A bill sponsored by Florida Senator Marco Rubio would make federal grant money available to states whose Governors sign gun confiscation bills into law.
S.7 , also known as the Extreme Risk Protection and Violence Prevention Act of 2019 contains a Violence Prevention Grant Program provision. Under Section 3043 a state is eligible for grant money after the state Governor signs a gun confiscation bill into law.
(photo credit: Senator Rubio website)
Here’s the relevant provision:
(A) IN GENERAL.—A covered State or Indian tribe shall be eligible to receive a grant under this section during the 1-year period beginning on the date of enactment of this part.
“(B) COVERED STATE OR INDIAN TRIBE.—In this paragraph, the term ‘covered State or Indian tribe’ means a State or Indian tribe that, before the date of enactment of this part, enacted legislation that—
“(i) authorizes the issuance of a gun violence restraining order or extreme risk protection order similar to a violence prevention order described in this part; and
“(ii) requires a standard of proof for the issuance of a gun violence restraining order or extreme risk protection order described in clause (i) that is substantially similar to the standard of proof required under this part.
Extreme risk protection orders known as “red-flag laws” are used by neighbors or family members who have a FEELING about their relative and convince local law enforcement to confiscate the guns of people who have broken no laws.
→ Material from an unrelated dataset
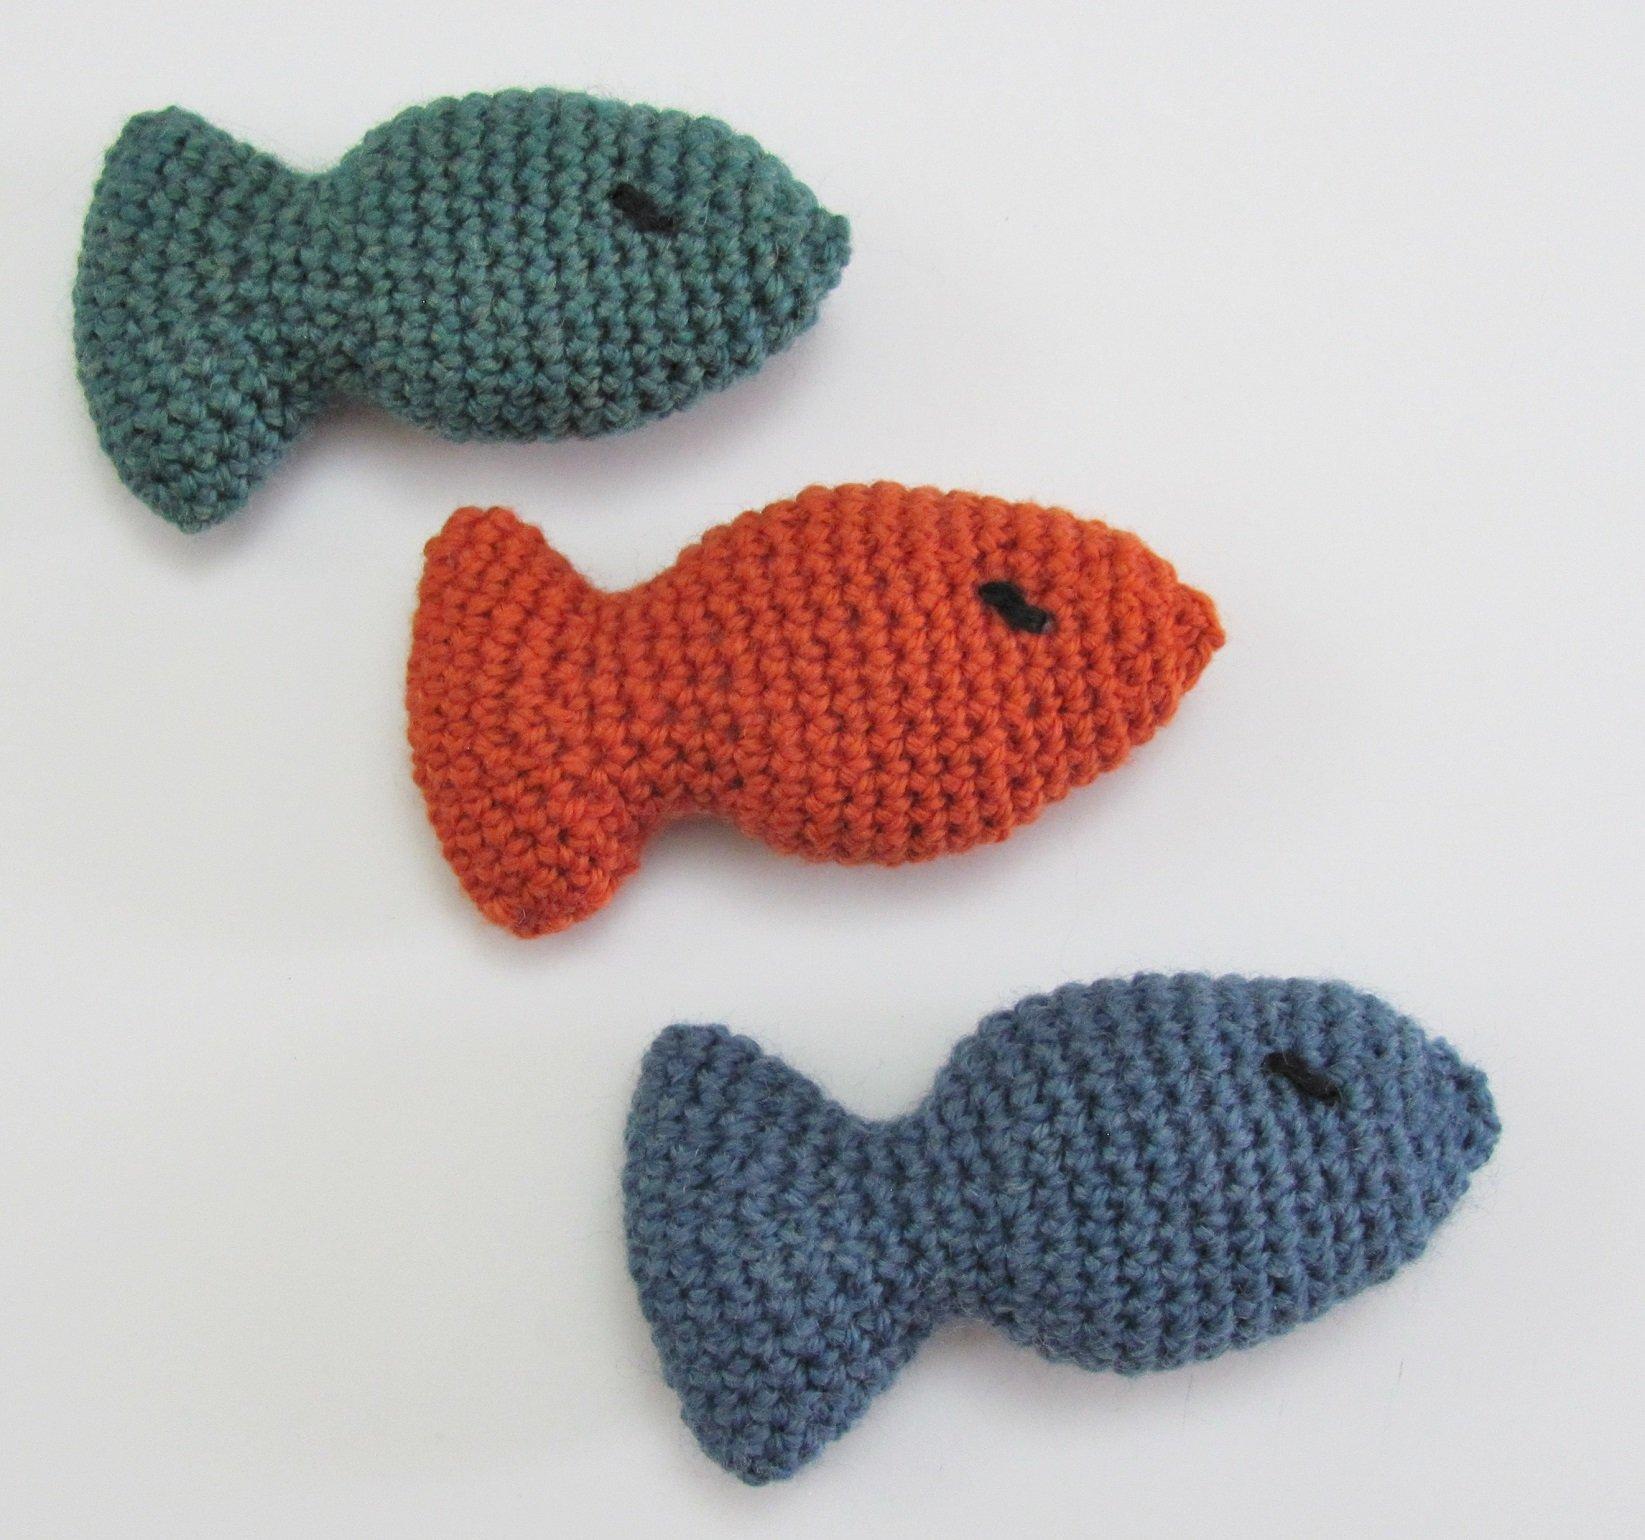 Handmade Cat Toy Fish, Choose Stuffed with Organic Catnip or No Catnip Added

Guns seized as a result of dishonest and vindictive family members with a grudge in order to gain the upper hand in a divorce, child custody or eviction proceeding only show how dangerous this type of law is.
SB 7026, the gun confiscation bill signed into law in 2018 by former Florida Governor Rick Scott, allows one party to petition a judge for a gun confiscation order by way of a secret hearing the respondent party has no opportunity to attend. A second provision in the law requires law enforcement to provide a chain of custody-type receipt (with the gun make, model and serial number) to the owner of the confiscated firearm in addition to mandating the surrender of the individuals Florida concealed weapons permit.
Which all sounds an awful lot like a civil asset forfeiture-type property confiscation, resulting in a seizure of your firearm until you scrape up enough money to hire an attorney and present it to the judge to retrieve your property.